I am old enough that I am not surprised that my hair is going gray, and I am young enough that I am still annoyed by it. When I got my last haircut, the barber was nice enough to say to me while she had me at the mercy of her scissors “Oh, you’re losing your hair,” and she was also so kind as to point out that not only was I losing some hair, but the hair I was keeping was slowly being drained of its color. That was a while ago, but the conclusion I came to then is the same that I’ve come to now. I am dying.
It’s my fault really. I’ve begged for death for reasons as varied as losing my favorite pen to being debilitatingly hungover at a tea shop. “Guess I’ll just die then” is my internal mantra of unhealthy conflict resolution, and now it’s caught up with me.

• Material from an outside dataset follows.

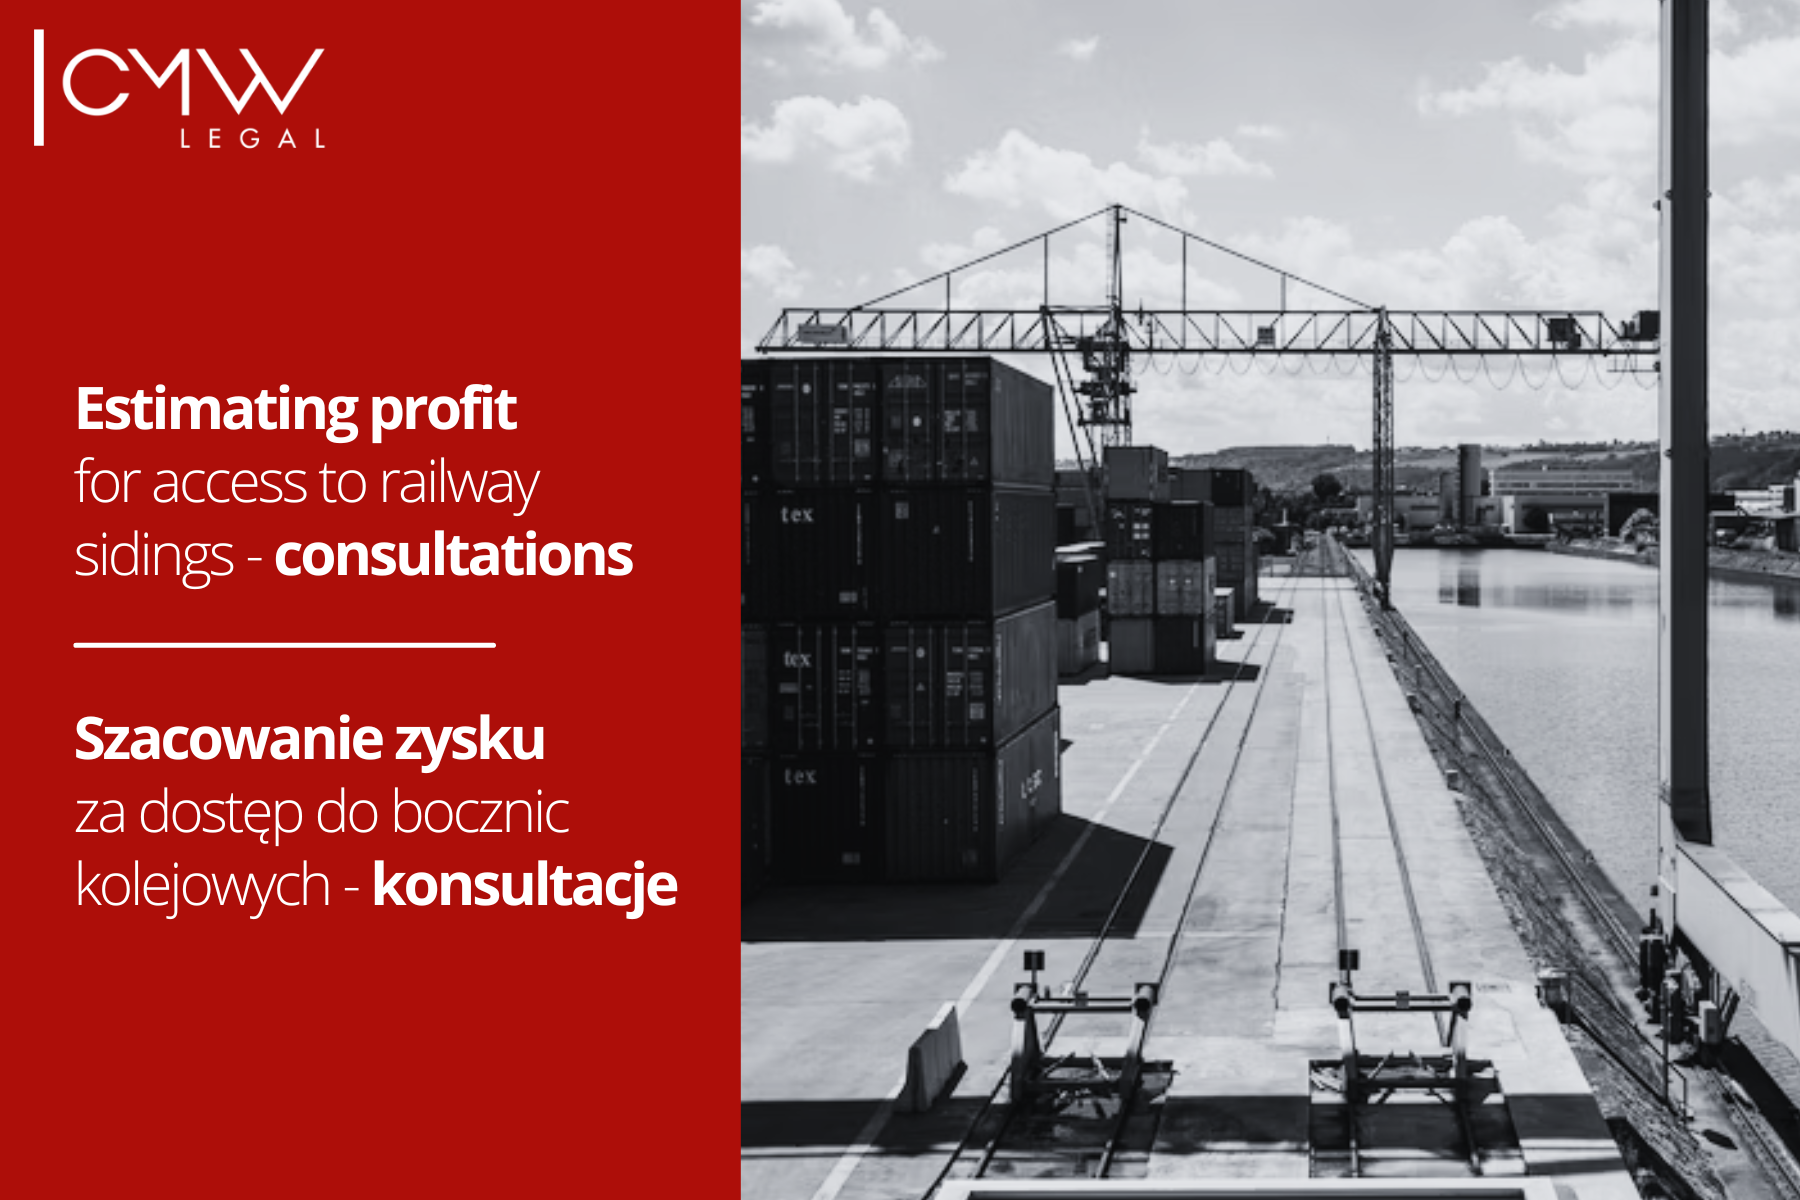  The Polish Office of Rail Transport has started consultations on guidelines for estimating a reasonable profit for providing sidings

I’ve heard them called ‘the grad school grays’ which, upon further research, is not inspired by scholarly aliens visiting college campuses and is actually just what people call going gray during grad school. Still, I’m annoyed that I can see my mortality so clearly in the mirror. I’d much rather see nothing in the mirror and confirm my suspicions that I am, in fact, a vampire.
I remember in high school when one of my English teachers was giving the class a serious talk about the nature of death and the path from innocence to maturity, bildungsroman stuff that bored me then too. Still, my reaction to the idea of death has not changed a whole lot since I was an innocent little doofus. When I imagine dying, when I think of everything just being over, of joining the collected dead of humanity, of being nothing, I have always responded by really wanting to be a robot. Even now, I cannot deny the appeal of abandoning my moist flesh casket for a sleek, metallic, fully-customizable and eternally viable robot body. I could abandon my receding hairline for a literal chrome dome. I could forsake my potential to be a silver fox for the possibility of being literally silver. I could live forever, and I could finally be the equal to the appliances I respect most: the toaster, fridge, even my kettle.
It’s strange to think that I am voluntarily, eagerly even, participating in something that is forcing my body to an early decay. School is hard, and so is teaching, and I’m enjoying the prolonged adventure of watching my body waste away in direct proportion to how much better my resume is getting; for every gray hair, I get a little more employable. Though school and work are generally fun and worth doing, they do leave me with a lot less time than I’d like. Ideally, I would never have to sleep, or eat, or stop working, and there would be an extra 6 hours tacked onto every day devoted specifically to petting cats. But there is no 6 hour cat time, and no matter how hard I try, I can’t stay awake for much longer than a regular human, and my attempts to abandon my humanity have not been met with success as proven by my inability to recharge at a power outlet.
This is all to say, unfortunately, that I’ll be writing a bit less here. It’s weird to say that I’m cutting back on writing when I know just how much writing I’ll still be doing for school, but I think this is more a cut back on the writing I do to keep myself sane, and the writing I’ll be doing instead is to keep me employed. Sanity and employability are not always compatible.
On a lighter note, this may be my last lapse in writing. After this year, I’ll be hurled into the workforce–at least until I decide to really hurt myself and go in for a PhD. For the next few months, I’ll try to post a few times a week, and I’ll try not to forget about the decent people who live in my screen who have made writing a little more fun lately.